Information supplied section start
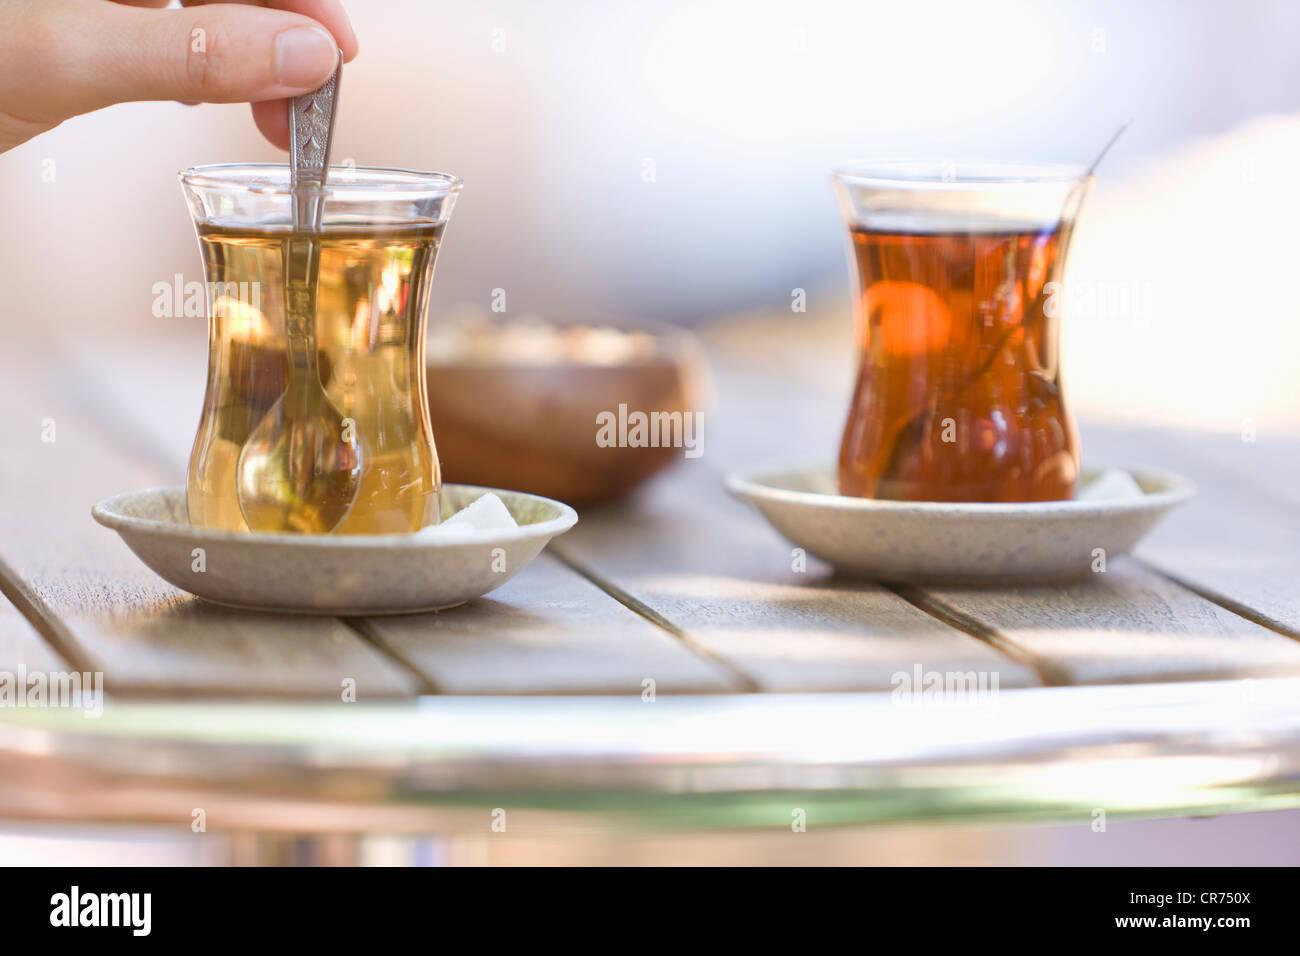 Turkey, Turkish tea, close up - Stock Image
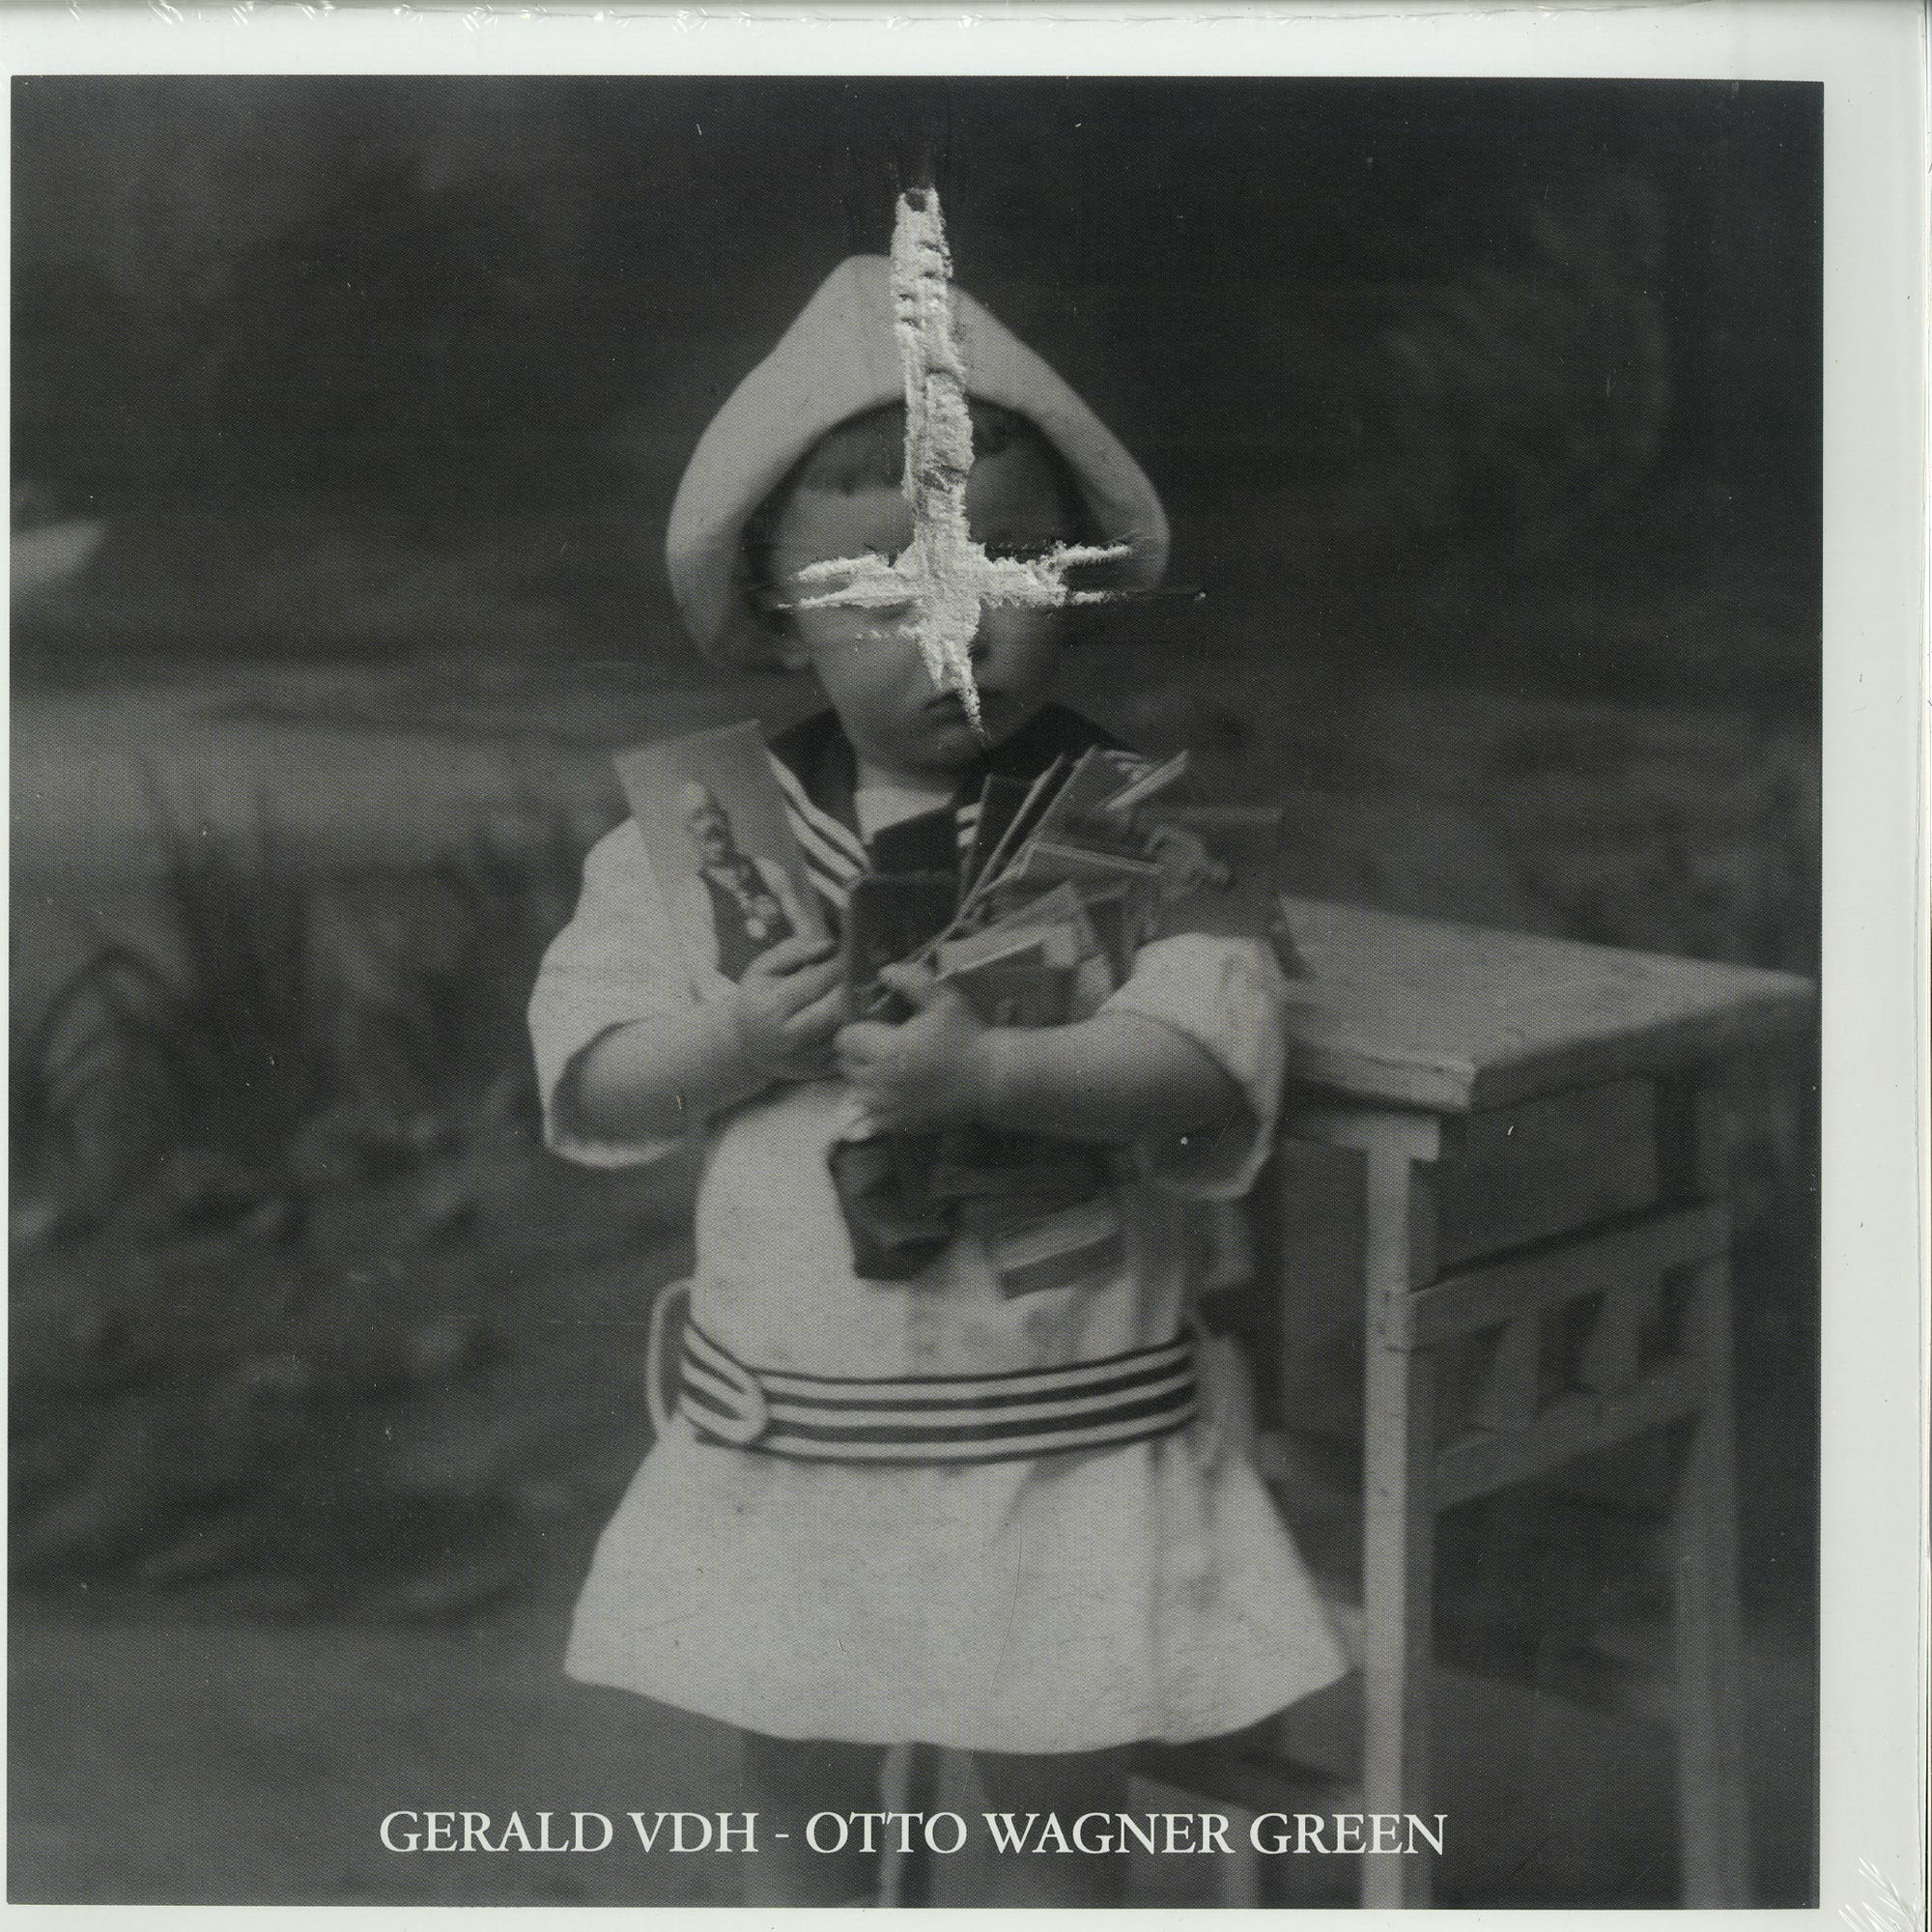 Gerald VDH - OTTO WAGNER GREEN
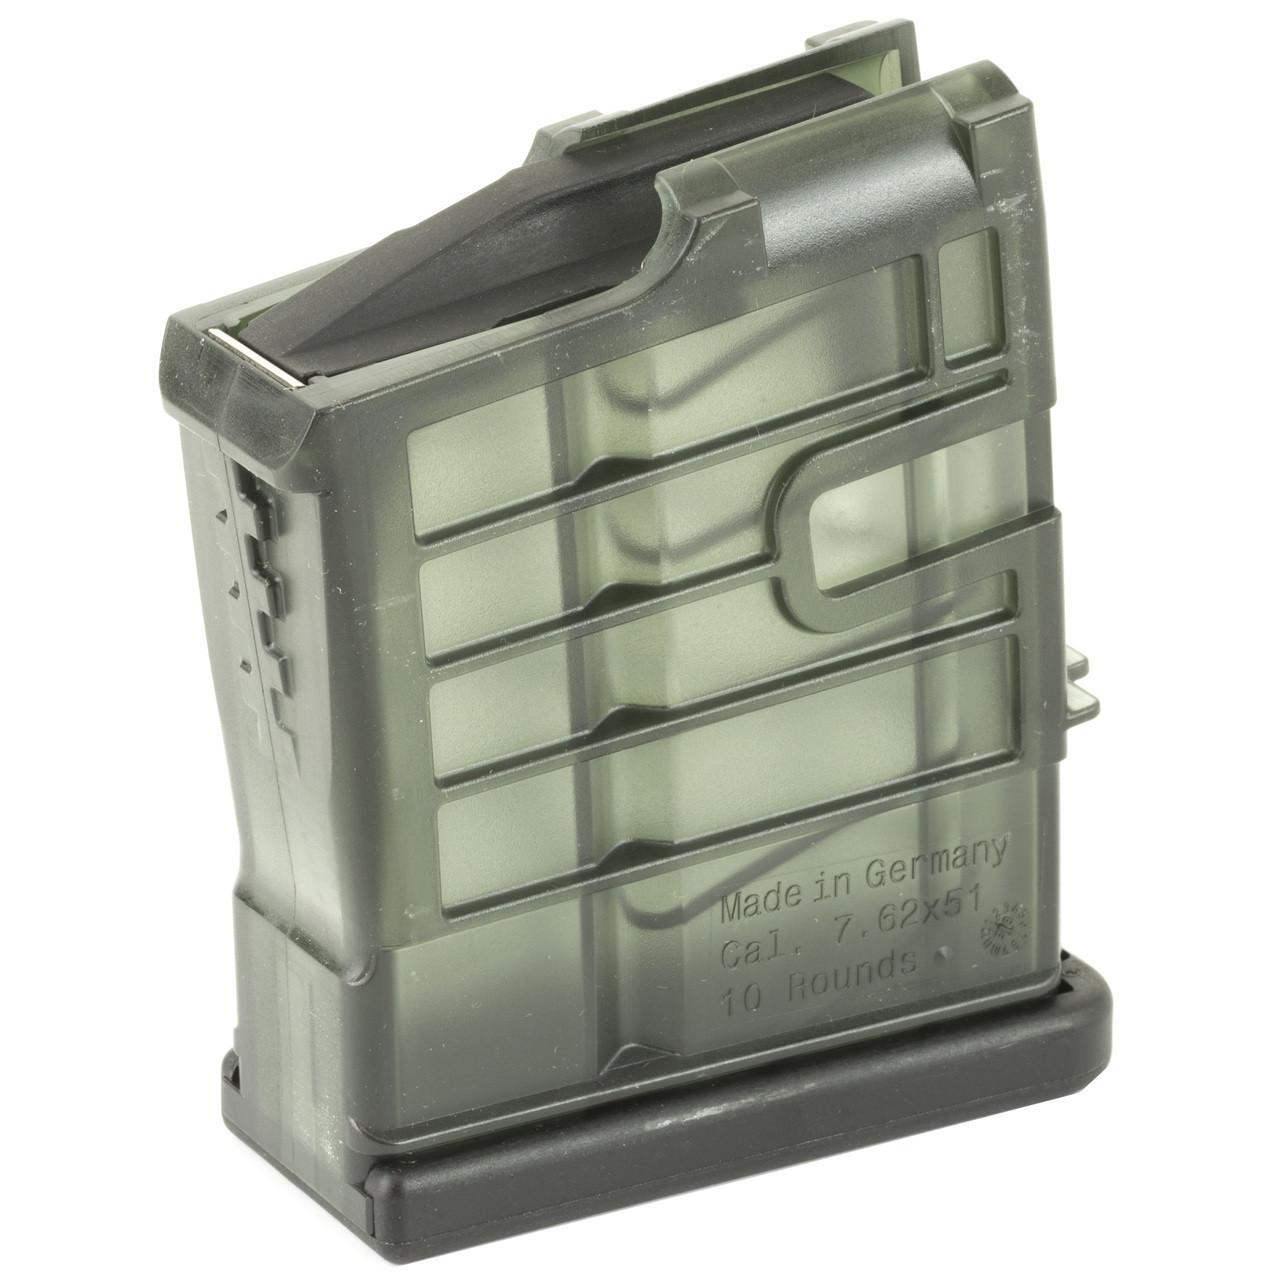 HK MR762  308 7 62mm 10rd Polymer Magazines
Information supplied section end
▶ **What the exercise asks**
A verbatim copy of the data, with all pictures omitted, is the required output.

▶ **Your solution**
 Turkey, Turkish tea, close up - Stock Image
 Gerald VDH - OTTO WAGNER GREEN
 HK MR762  308 7 62mm 10rd Polymer Magazines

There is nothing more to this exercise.